Por último, Sendero tiene paciencia y cree en la guerra popular prolongada del campo a la ciudad o sea: está preparado para mimetizarse y para esperar, sobre todo cuando ha logrado construir una sólida economía interna que le permite tener una estructura de cuadros profesionales.
¿A qué viene esto?
A principios de los noventa Guzmán entró en estado febril y declaró haber alcanzado el “equilibrio estratégico” en la lucha armada contra el Estado, así lo declaró en lo que sus partidarios llamaron La Entrevista del Siglo. Entonces arreciaron los atentados en Lima, cuyo episodio culminante fue la explosión de un camión de anfo en la Calle Tarata en Miraflores. La exposición de la cúpula senderista fue inevitable y, gracias al trabajo del Grupo Especial de Inteligencia (GEIN), terminó capturada el 12 de setiembre de 1992 en la llamada Operación Victoria.
Luego, en vez de arrasar con los restos de la banda criminal, el gobierno de Fujimori pasó a negociar el Acuerdo de Paz, negociación que estuvo a cargo de Vladimiro Montesinos. Este fue un error cuyo costo pagamos hasta hoy.
Bueno pues, sucede que, parafraseando a Marx, la historia se repite, una vez como tragedia y otra como farsa.
Desde el triunfo electoral de Pedro Castillo Terrones en 2021, Sendero revivió públicamente, cada vez con más audacia. Tras el intento frustrado de golpe de Estado por parte del expresidente, mostró su nueva fuerza (con aliados y cómplices incluidos) durante más de dos meses. Perdió la batalla por el poder pero agregó posiciones y nuevos respaldos.
Entonces, los dirigentes visibles del Sendero redivivo (Íber Maraví, César Tito Rojas entre otros) entraron en nueva fiebre y, aunque no lo proclamaron, se sintieron nuevamente en el equilibrio estratégico. Sendero nunca rehuyó el escenario electoral, lo consideró siempre un terreno de acumulación de fuerzas. Llegó a 2025 en éxtasis, nuevamente en vientre de alquiler. Roberto Sánchez, oportunista al fin, se entregó a sus demandas, desde el símbolo hasta las listas. A punto estuvo de ganar en 2026, disfrazado de sombrero, las elecciones otra vez. Pero no pudo.

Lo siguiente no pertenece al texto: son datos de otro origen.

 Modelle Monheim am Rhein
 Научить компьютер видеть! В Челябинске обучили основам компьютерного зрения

Hoy Sendero controla la bancada congresal de Juntos por el Perú y parte de la de Ahora Nación y de la de Obras. No creo que por mucho tiempo, pero esto le permitió abandonar el hemiciclo segundos antes del inicio del discurso de la Presidente de la República y convocar a una raleada movilización de sus organizaciones sociales, más bien de sus organismos generados. Aunque la respuesta popular fue prácticamente nula y volvió a fracasar el 29, está claramente al acecho de cada eventual error del gobierno, para seguir sumando fuerzas circunstanciales. El valor de la persistencia no está suficientemente aquilatado en el Perú.

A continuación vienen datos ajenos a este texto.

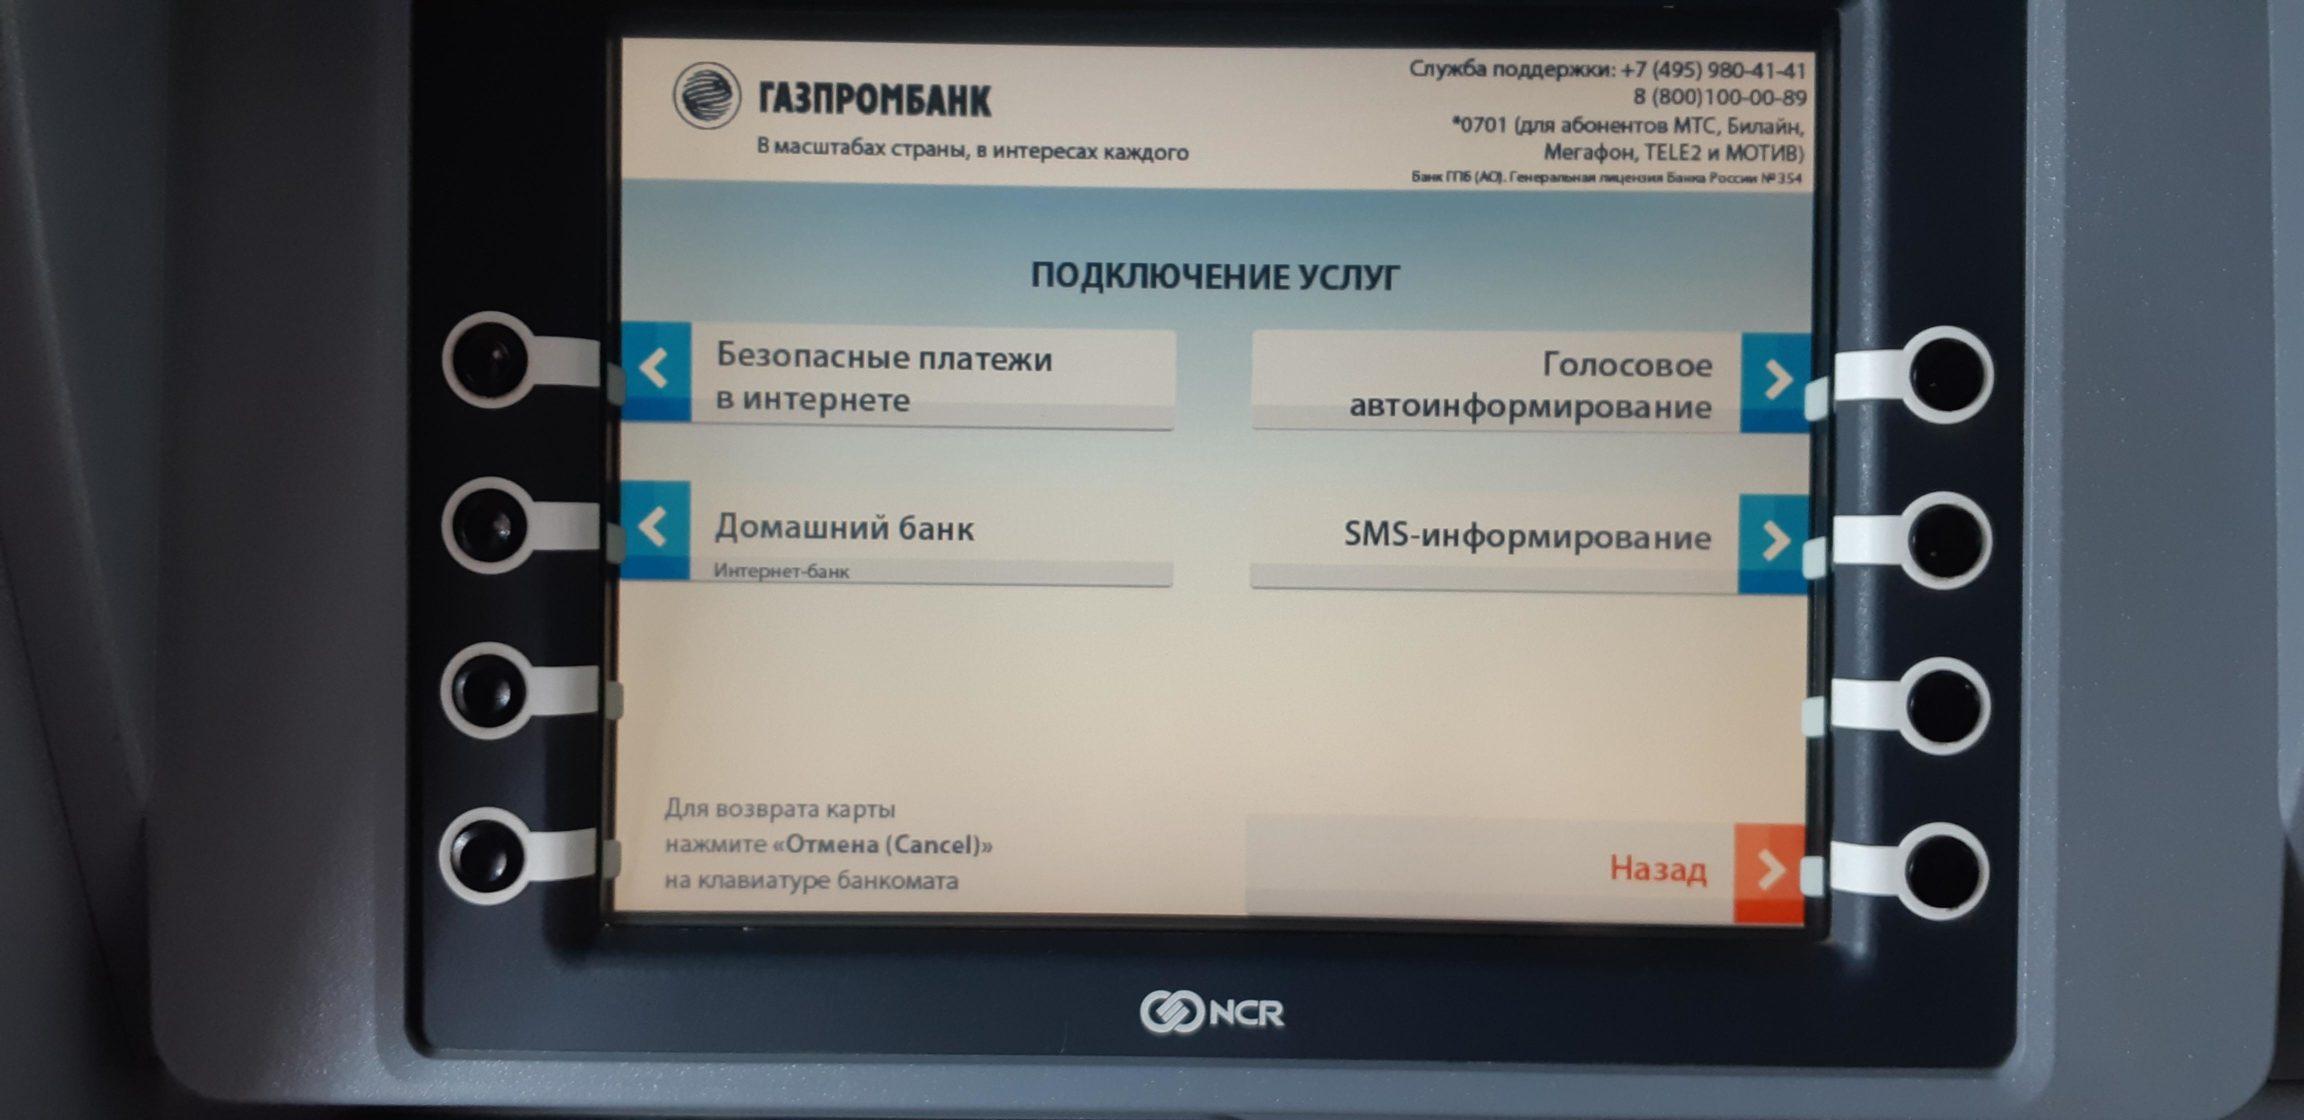 Регистрация в Интернет Банке через банкомат шаг 7

La idea de los nuevos senderistas es construir un relato verosímil de que está en proceso de consolidación un nuevo poder diferente del poder oficial
En la teoría leninista, el equilibrio estratégico debe traducirse en dualidad de poderes. Por eso la insistencia del nuevo Sendero Luminoso en desconocer el resultado electoral o en “reconocer” a Roberto Sánchez como “su presidente”, tema que sus parlamentarios enarbolaron luego de salir del Congreso el 28 y que ya comenzó a agotarse por insuficiencia del personaje. La idea de los nuevos senderistas es construir un relato verosímil de que está en proceso de consolidación un nuevo poder diferente del poder oficial y, en este punto, la manga de aliados y cómplices juega un papel protagónico. Son los expertos en narrativas, que al final defienden su fuente de ingresos.

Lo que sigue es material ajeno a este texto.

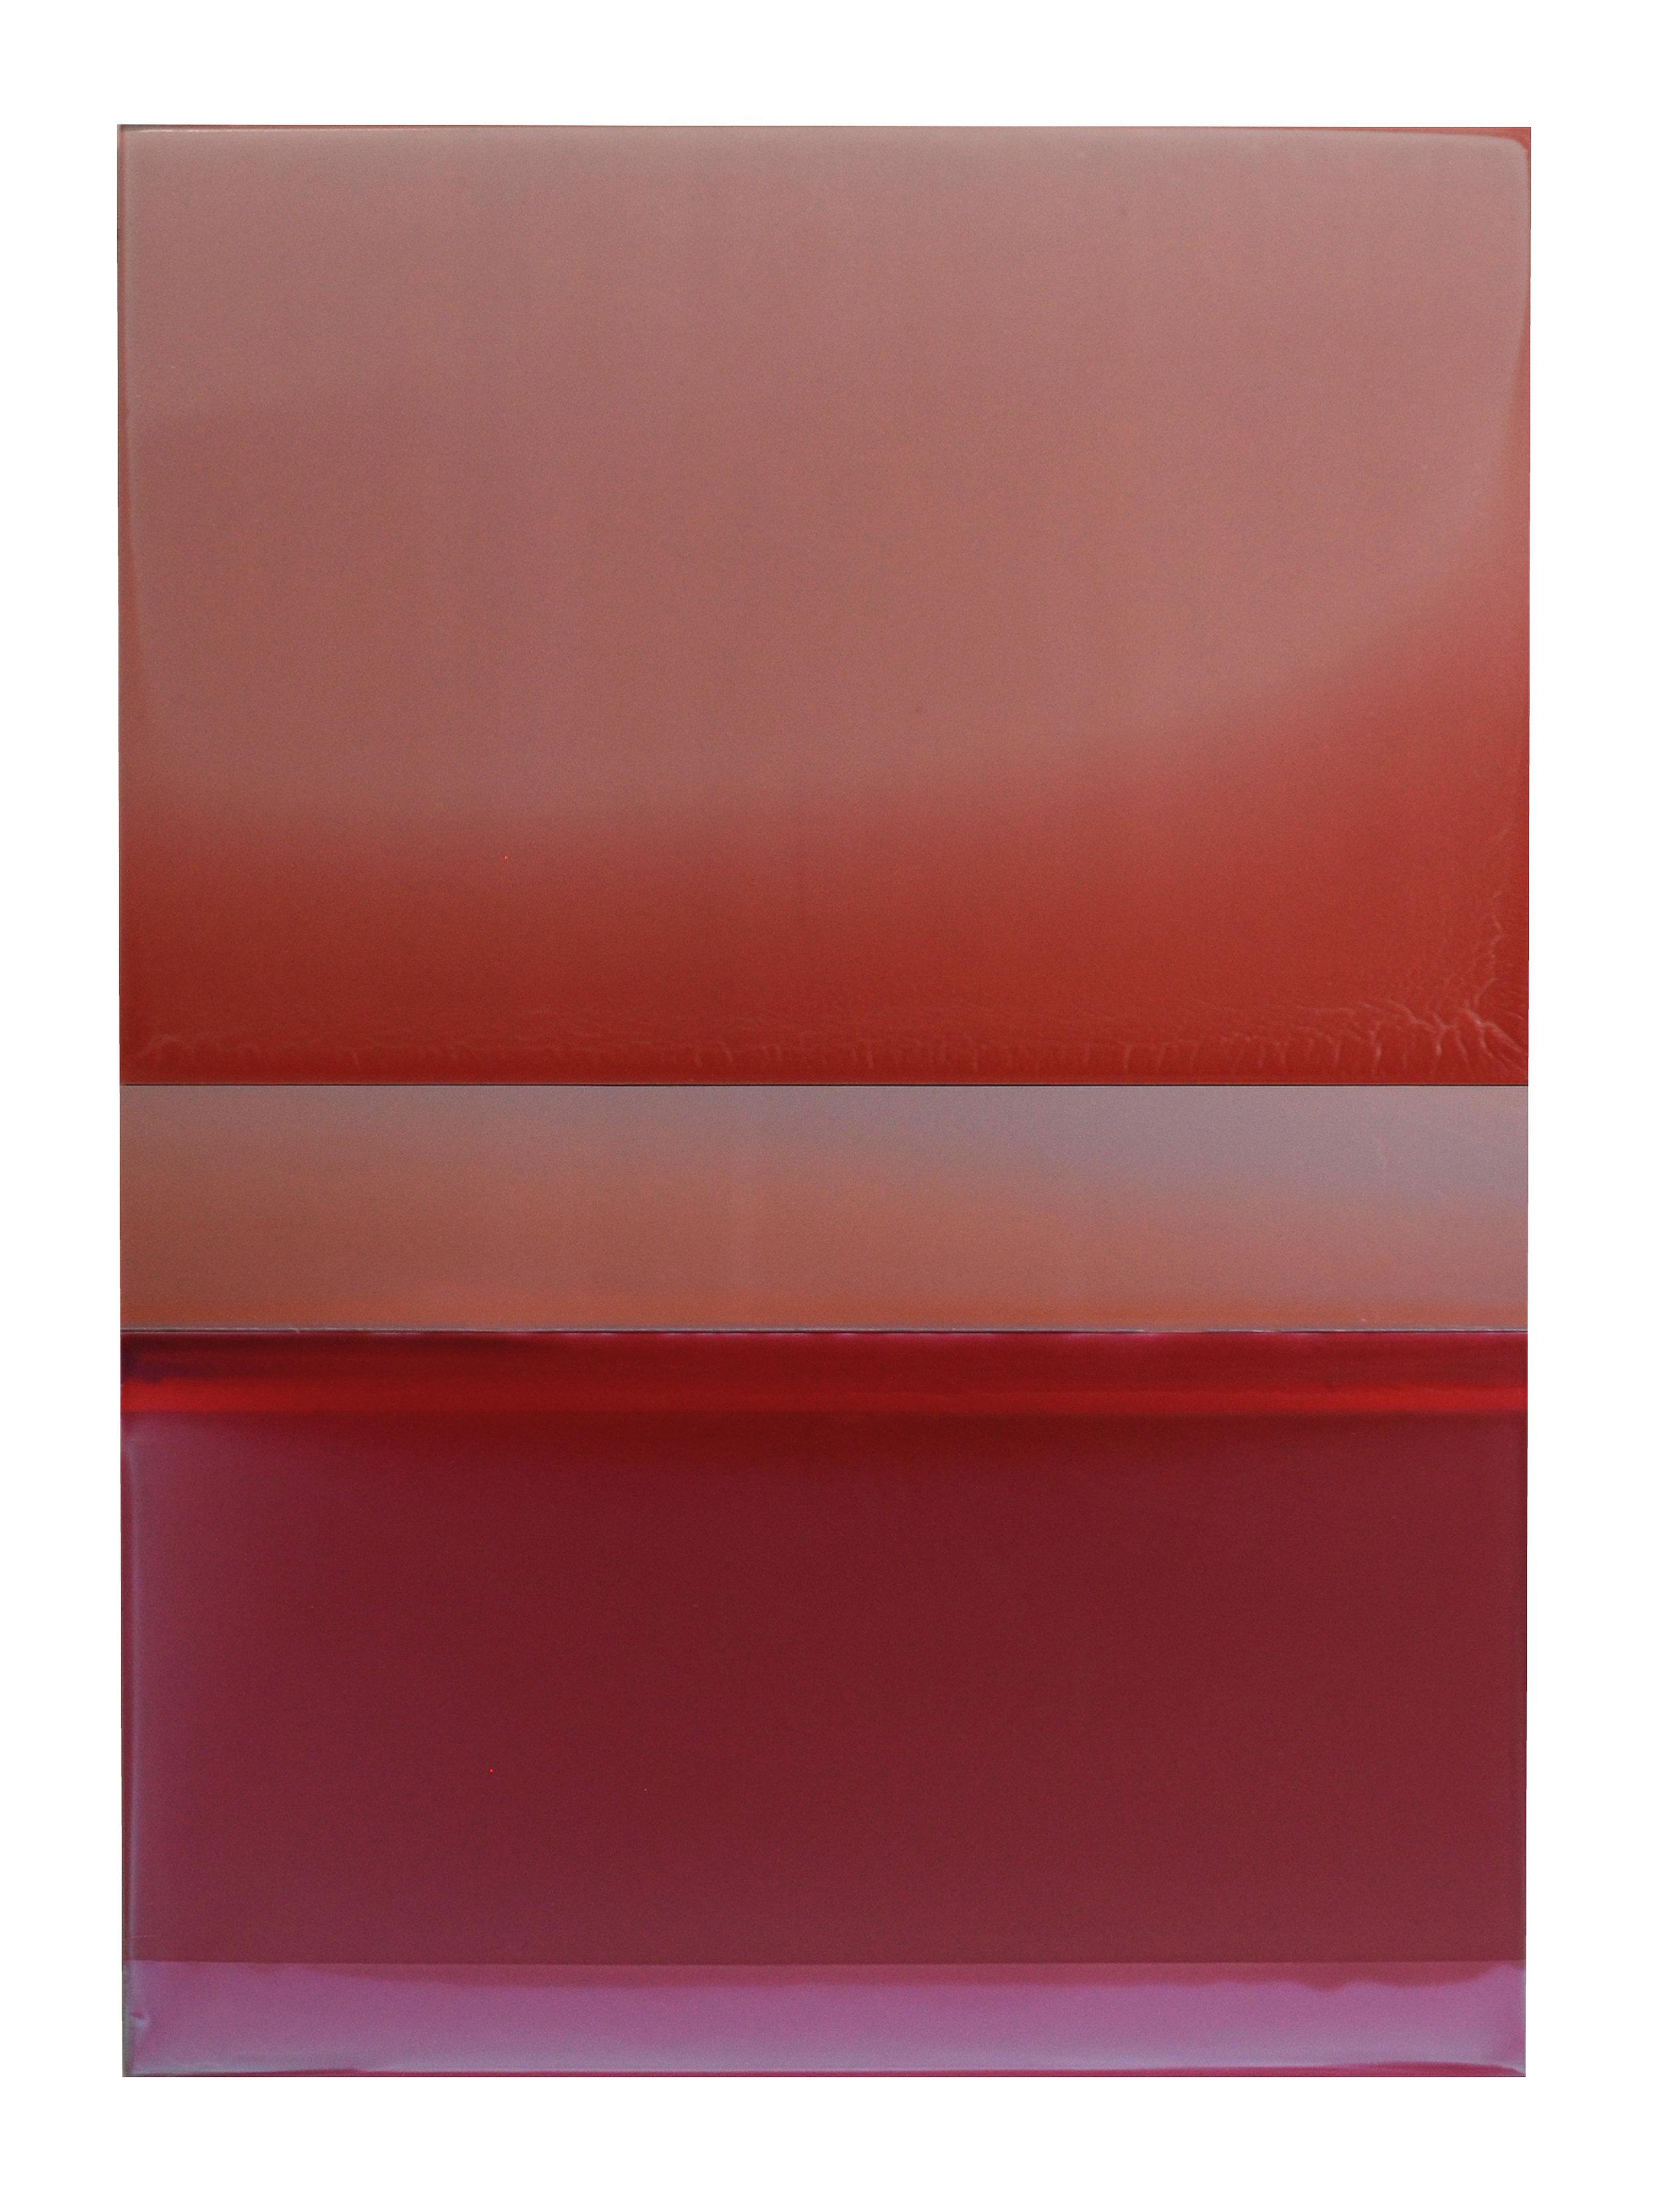 NYFA10_Kermes and Cochineal_2017_33x24_tinted polymer on panel.jpeg

Descuidar este escenario es un enorme equívoco. Ya es hora de que, quienes padecimos la experiencia del Sendero asesino digamos orgánicamente nuestra verdad y que lo hagamos con conocimiento y valentía. Esto no quiere decir que no combatamos enérgicamente cualquier violación de derechos humanos, sólo implica que lo hagamos sin anteojeras.